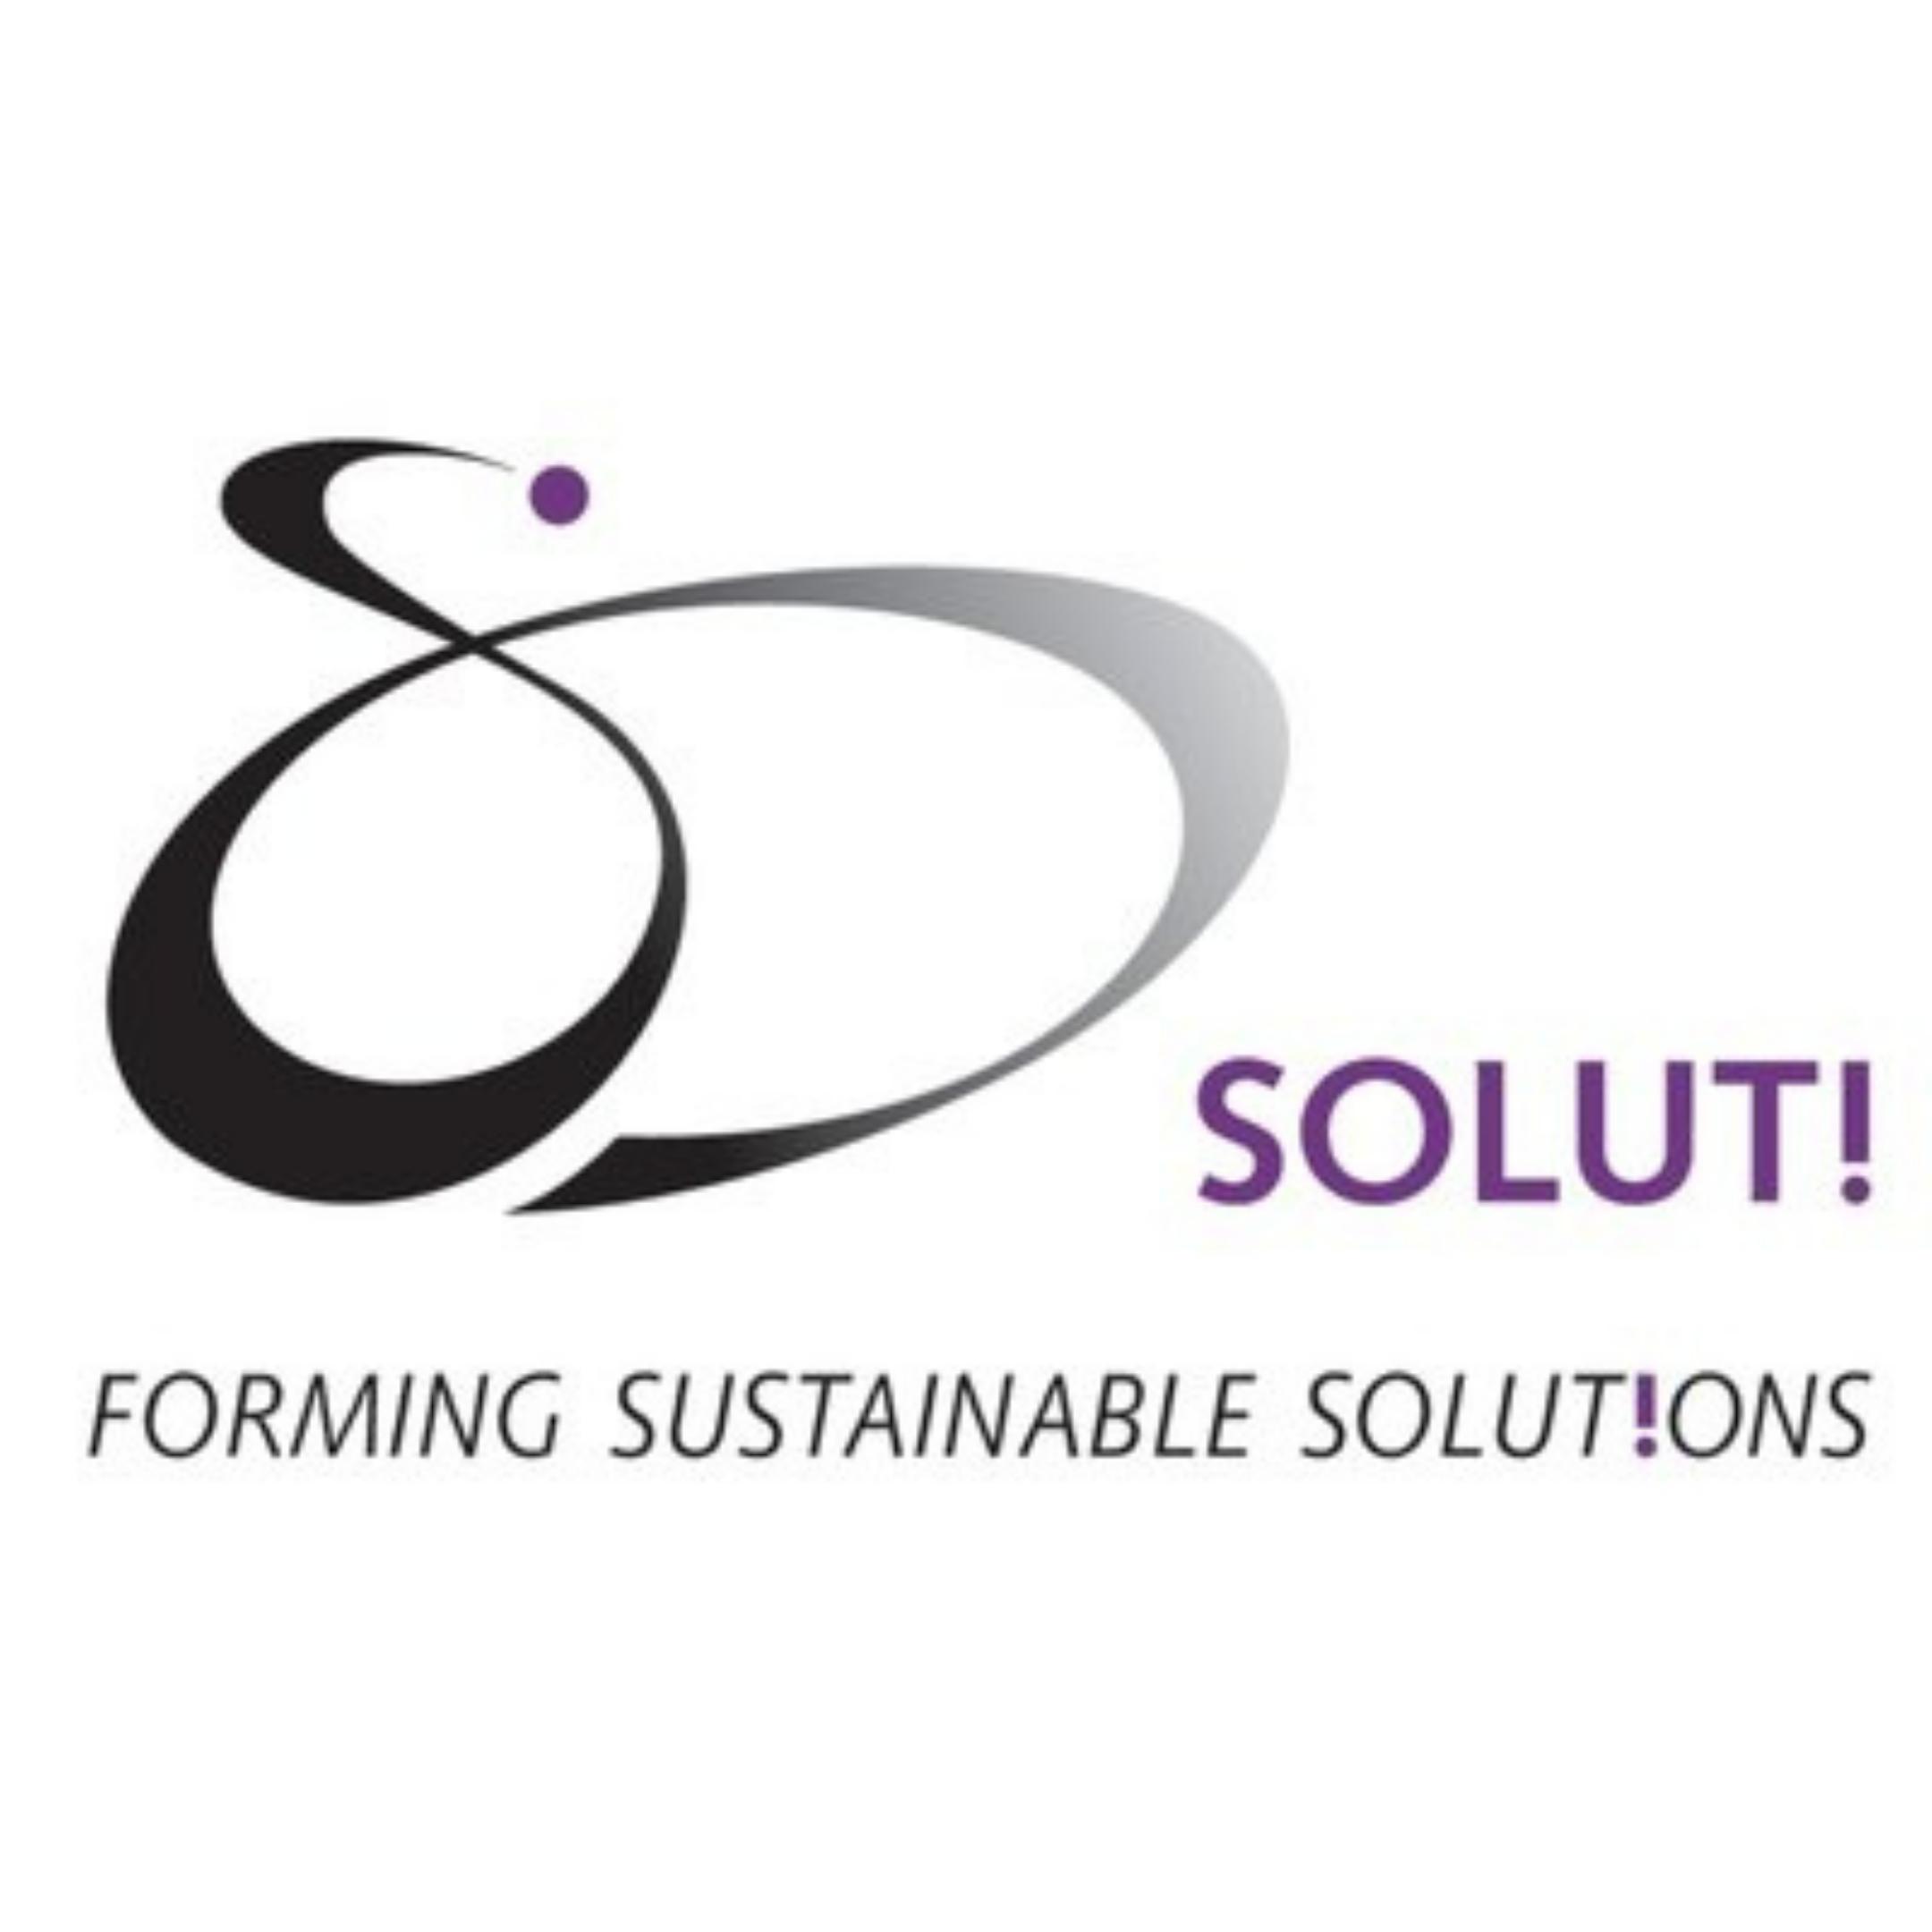 SOLUT! Logo
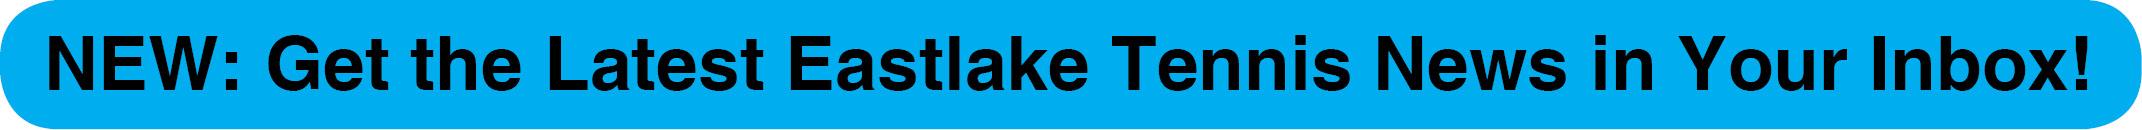 eastlake-tennis-web-image
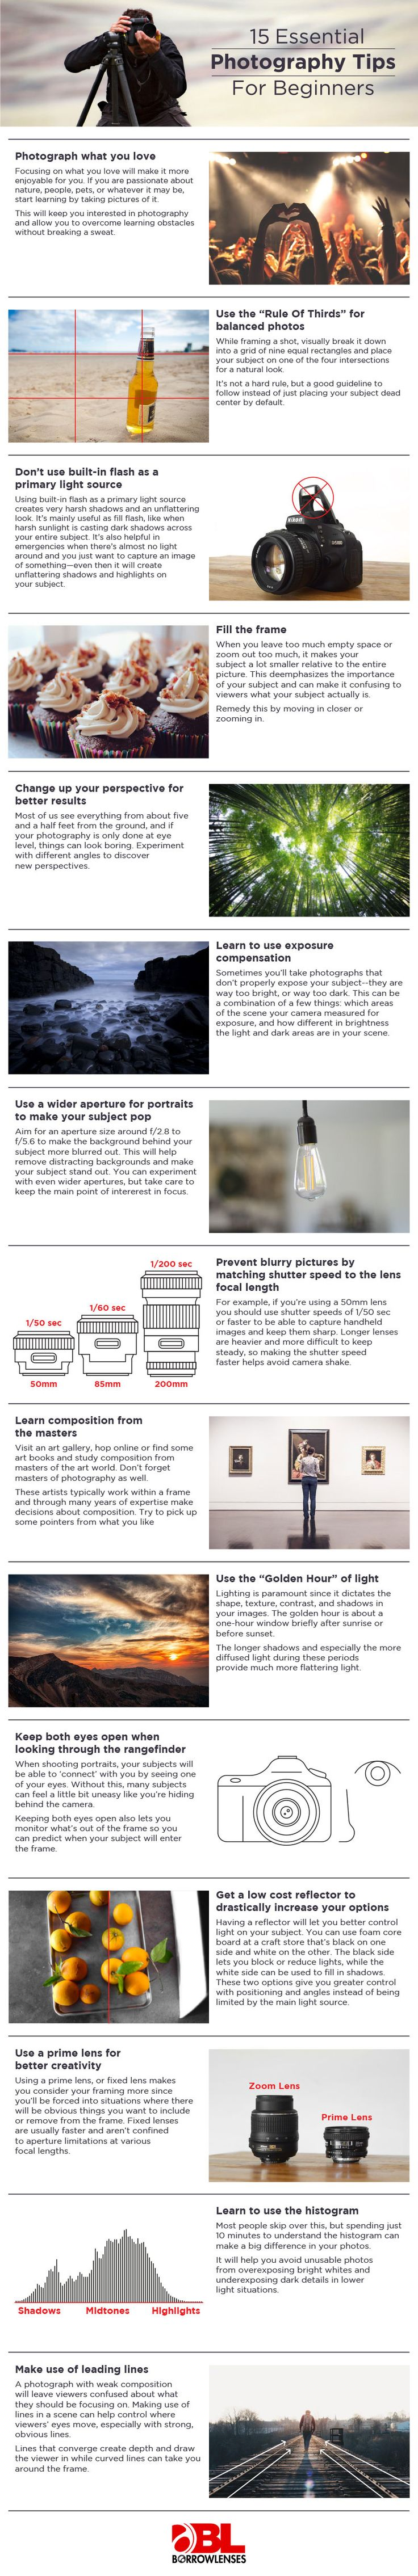 22 digital photo frame Understanding How Copyright Works on Flickr - The Spruce Crafts
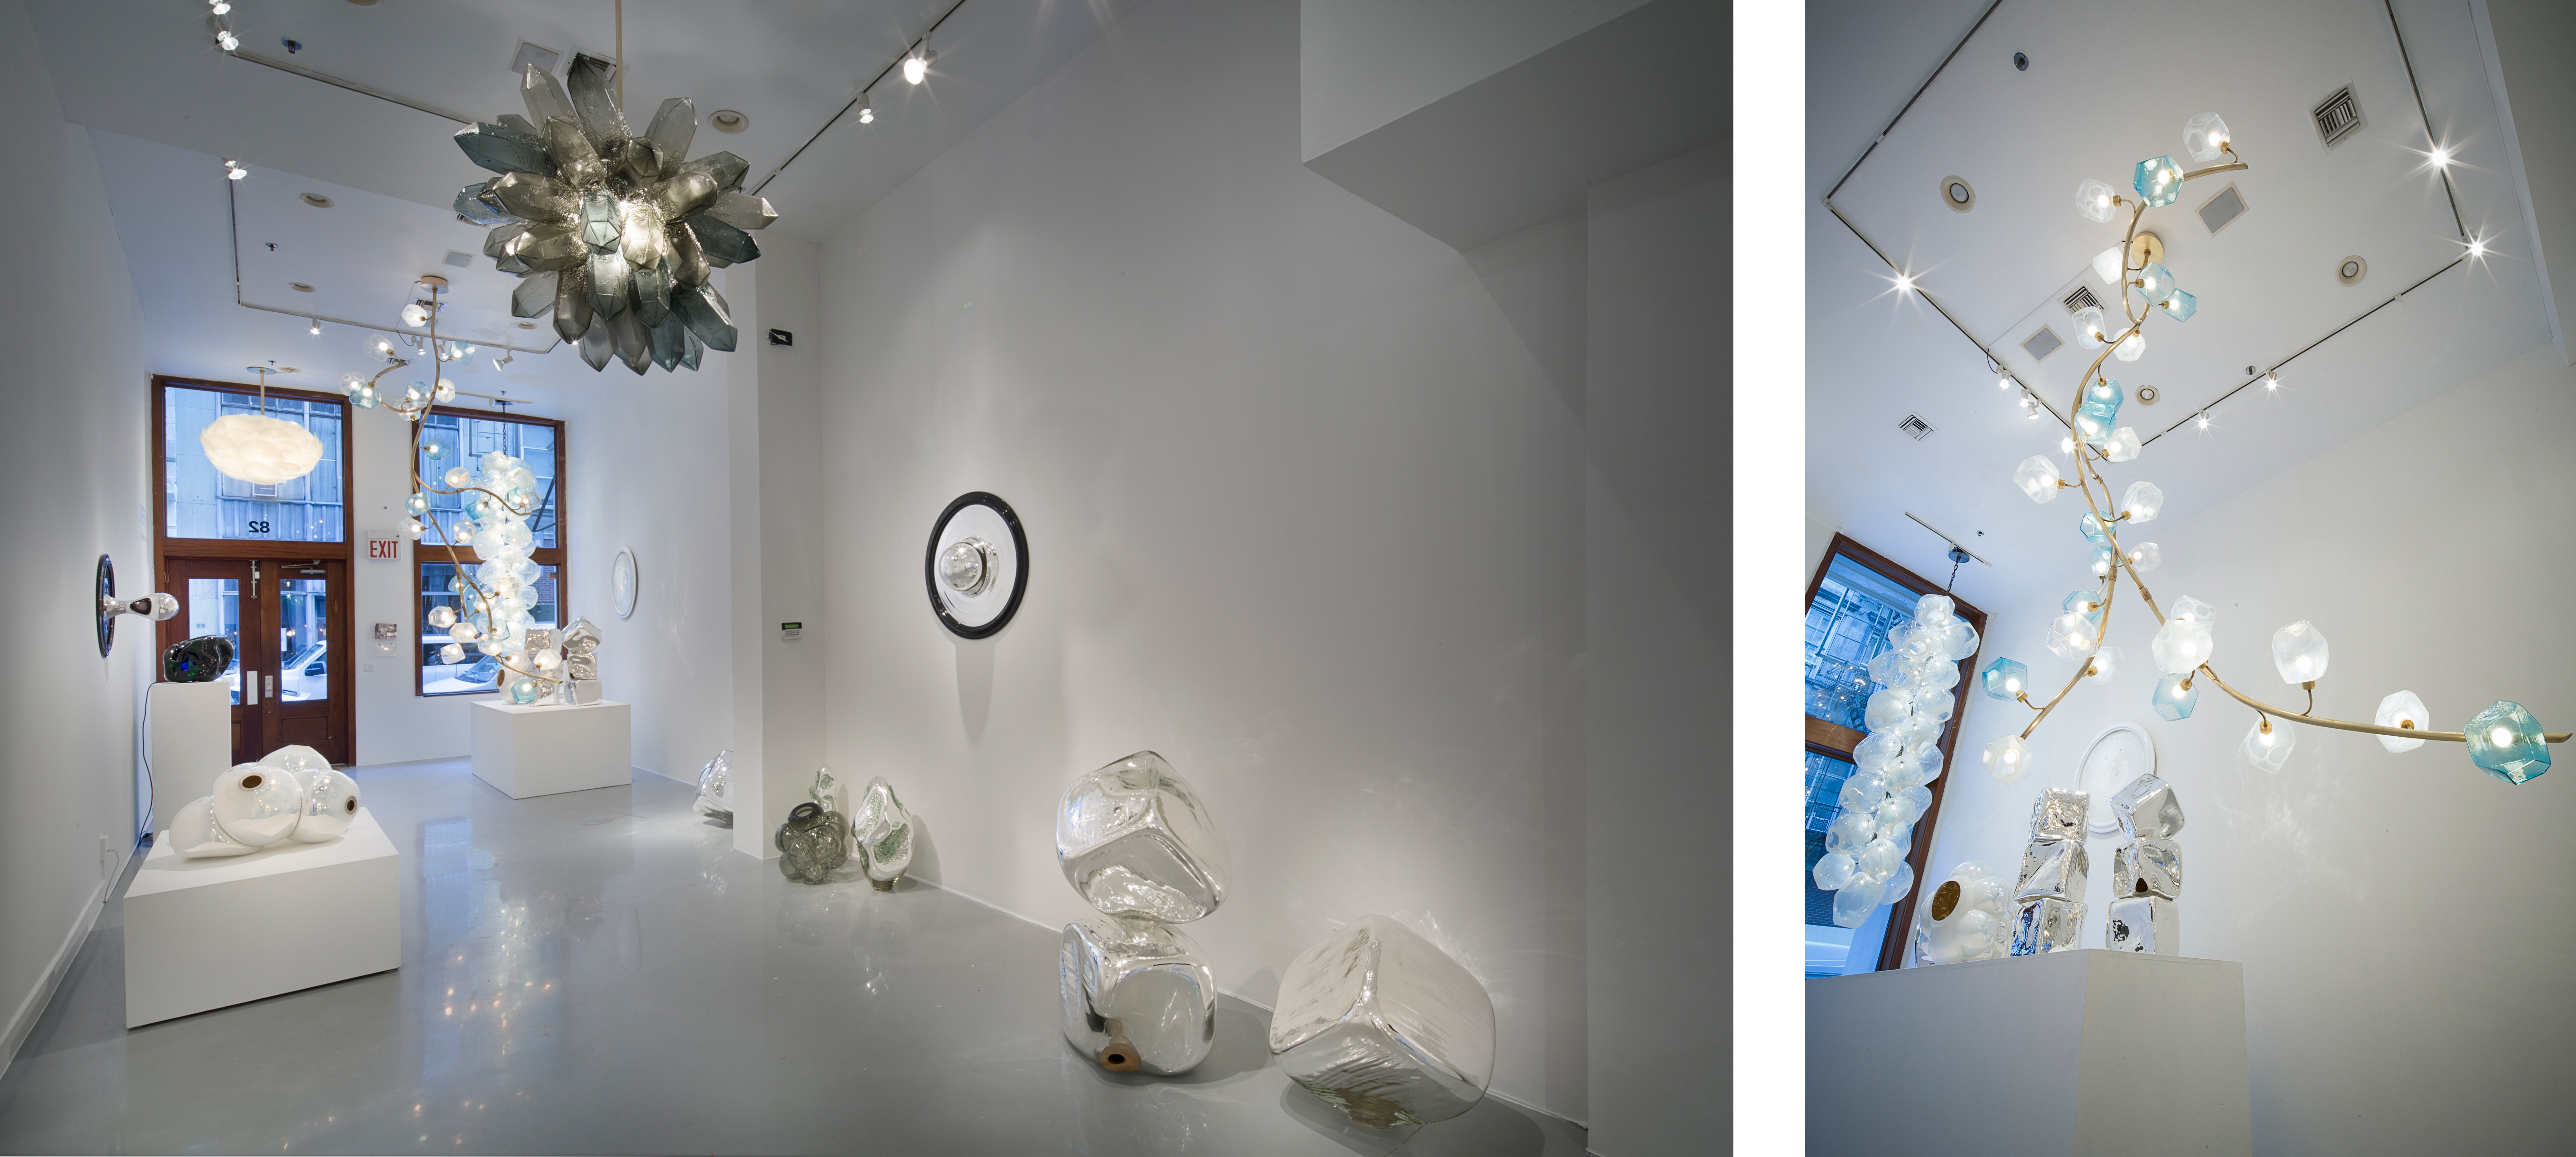 zimmerman lighting. Jeff Zimmerman\u0027s Sculptural Lamps Gleam As Lighting Thrives In Art And Design Spheres - Artsy Zimmerman Z
◆ ◆ ◆ ◆ ◆
_WHAT TO DO_
The answer should consist only of the lines from the line with "eastlake-tennis-web-image" through the last line of the data, repeated exactly; pictures stay out.

_RESPONSE FOR THIS EXERCISE_
 eastlake-tennis-web-image
 22 digital photo frame Understanding How Copyright Works on Flickr - The Spruce Crafts
 zimmerman lighting. Jeff Zimmerman\u0027s Sculptural Lamps Gleam As Lighting Thrives In Art And Design Spheres - Artsy Zimmerman Z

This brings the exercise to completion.